Collected material –

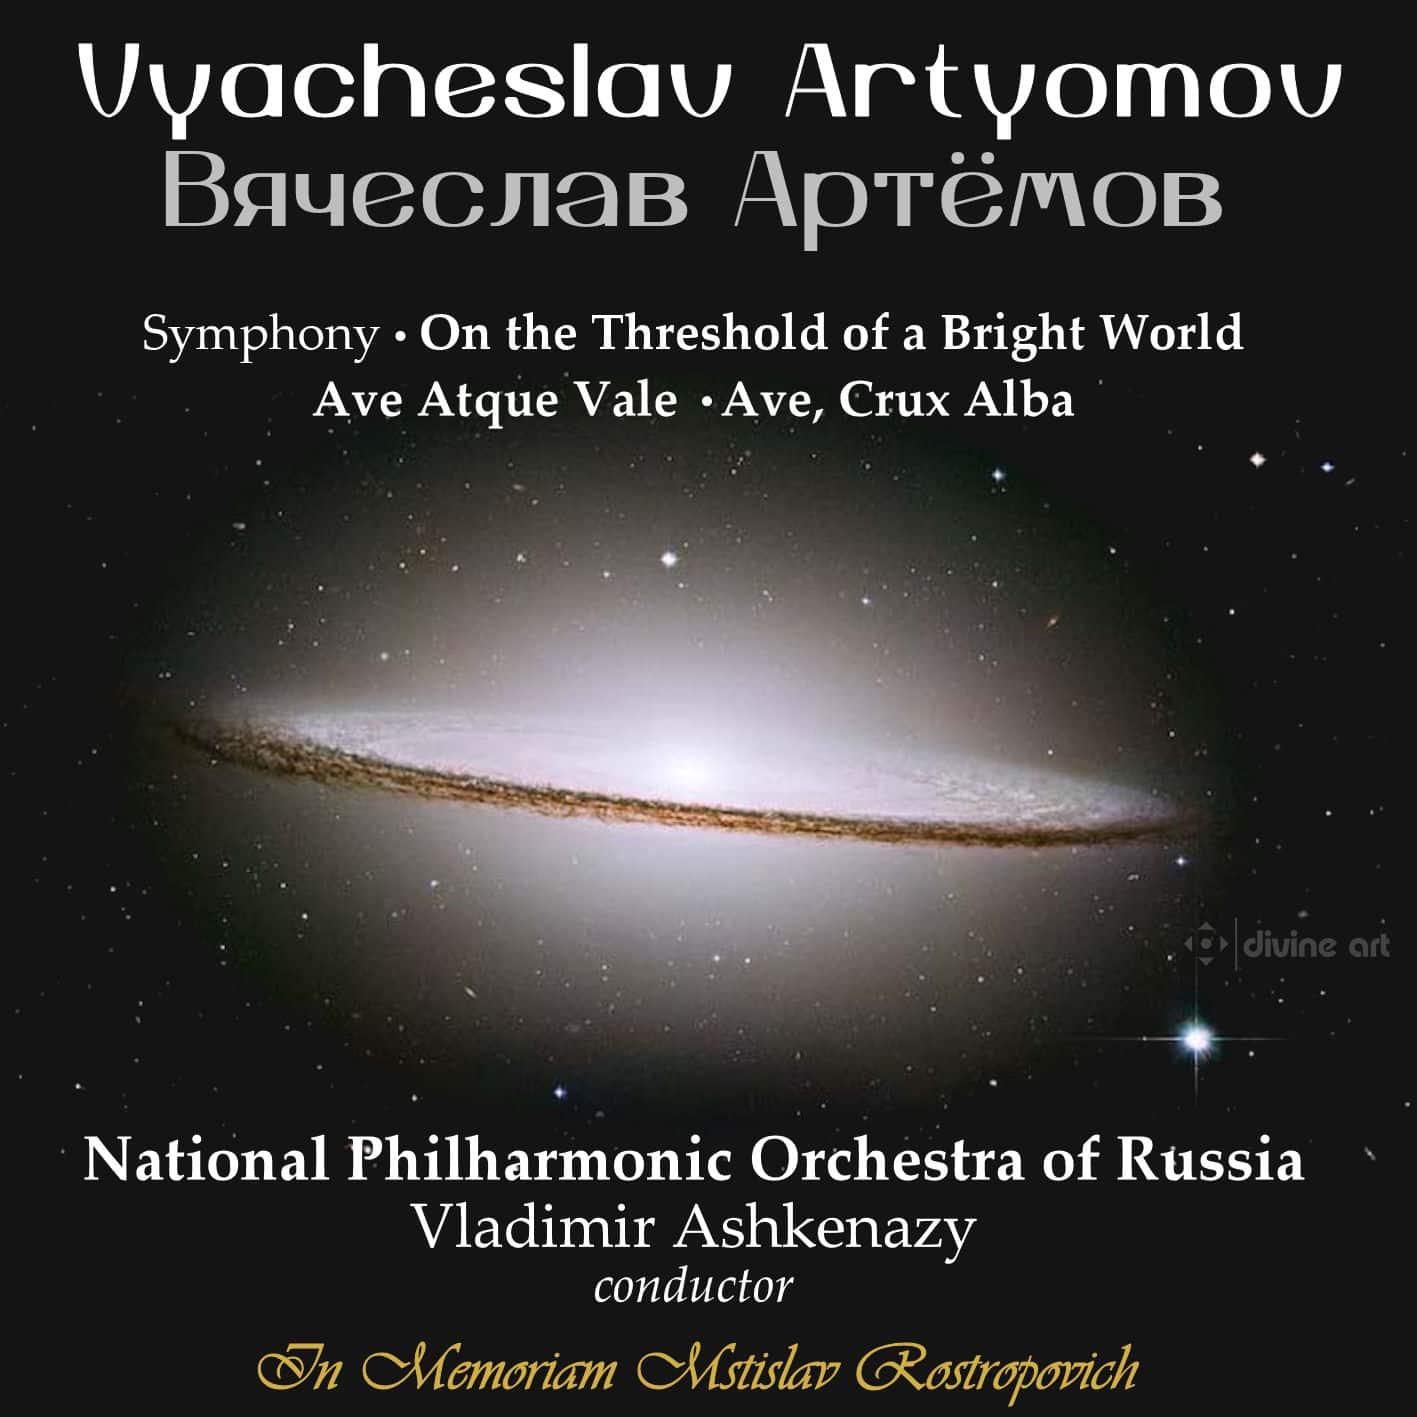 Artyomov: On the Threshold of a Bright World
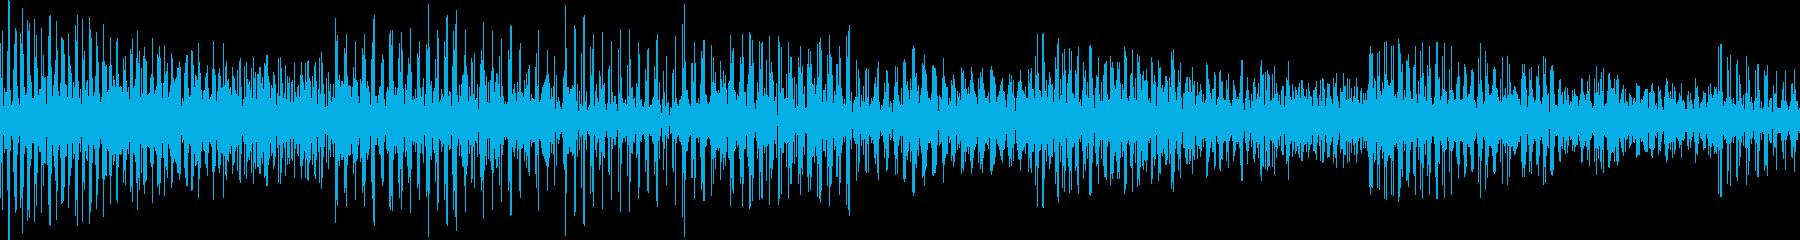 AMGアナログFX 10の再生済みの波形
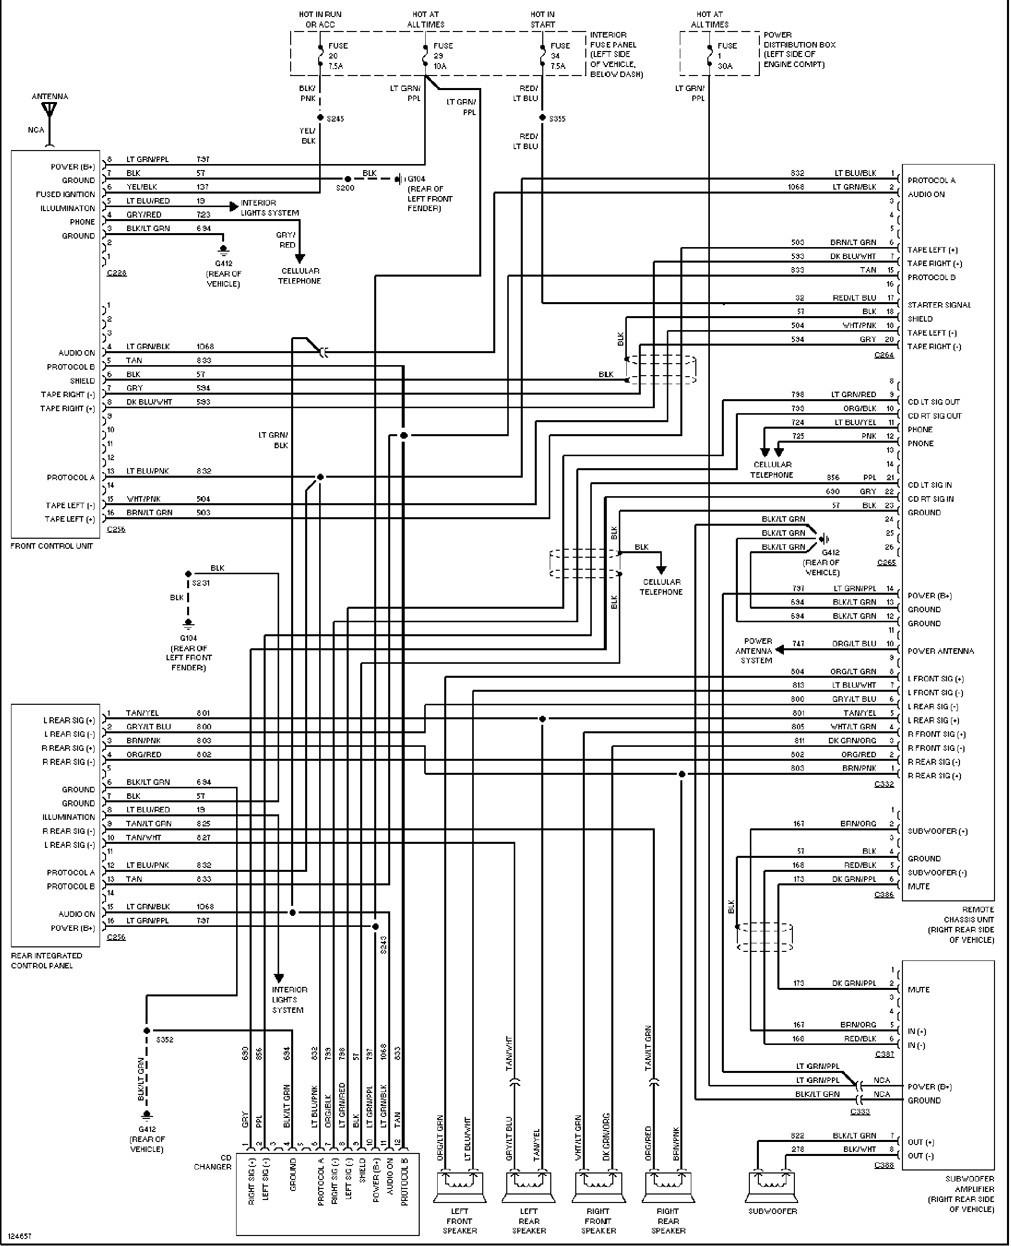 1998 Ford F150 Pickup Truck Car Radio Wiring Diagram 1998 Ford F150 - 1998 Ford F150 Radio Wiring Diagram
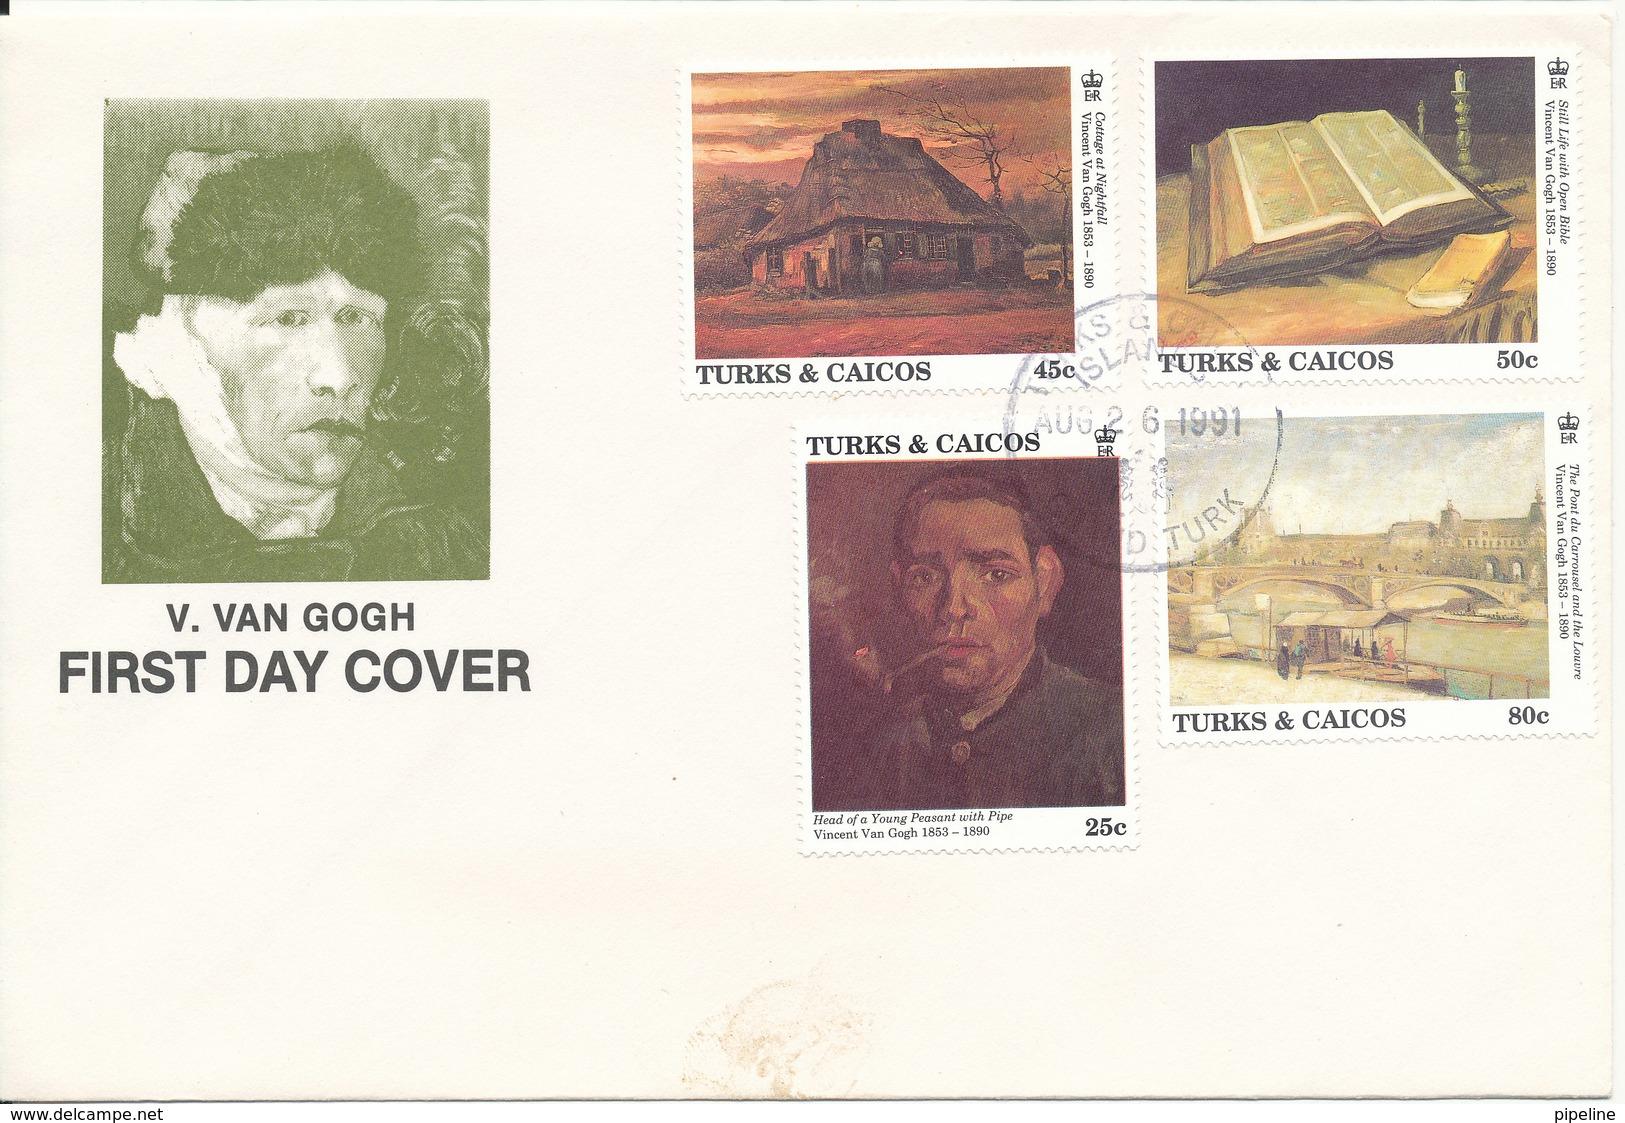 Turks & Caicos FDC 26-8-1991 Vincent Van Gogh ART Painting Set Of 4 With Cachet - Turks & Caicos (I. Turques Et Caïques)

Task – Beginning with the line that contains "1998 Ford F150 Pickup", output each line of the material above through the last one exactly as it stands. Do not include the pictures.

Answer space –
 1998 Ford F150 Pickup Truck Car Radio Wiring Diagram 1998 Ford F150 - 1998 Ford F150 Radio Wiring Diagram
 Turks & Caicos FDC 26-8-1991 Vincent Van Gogh ART Painting Set Of 4 With Cachet - Turks & Caicos (I. Turques Et Caïques)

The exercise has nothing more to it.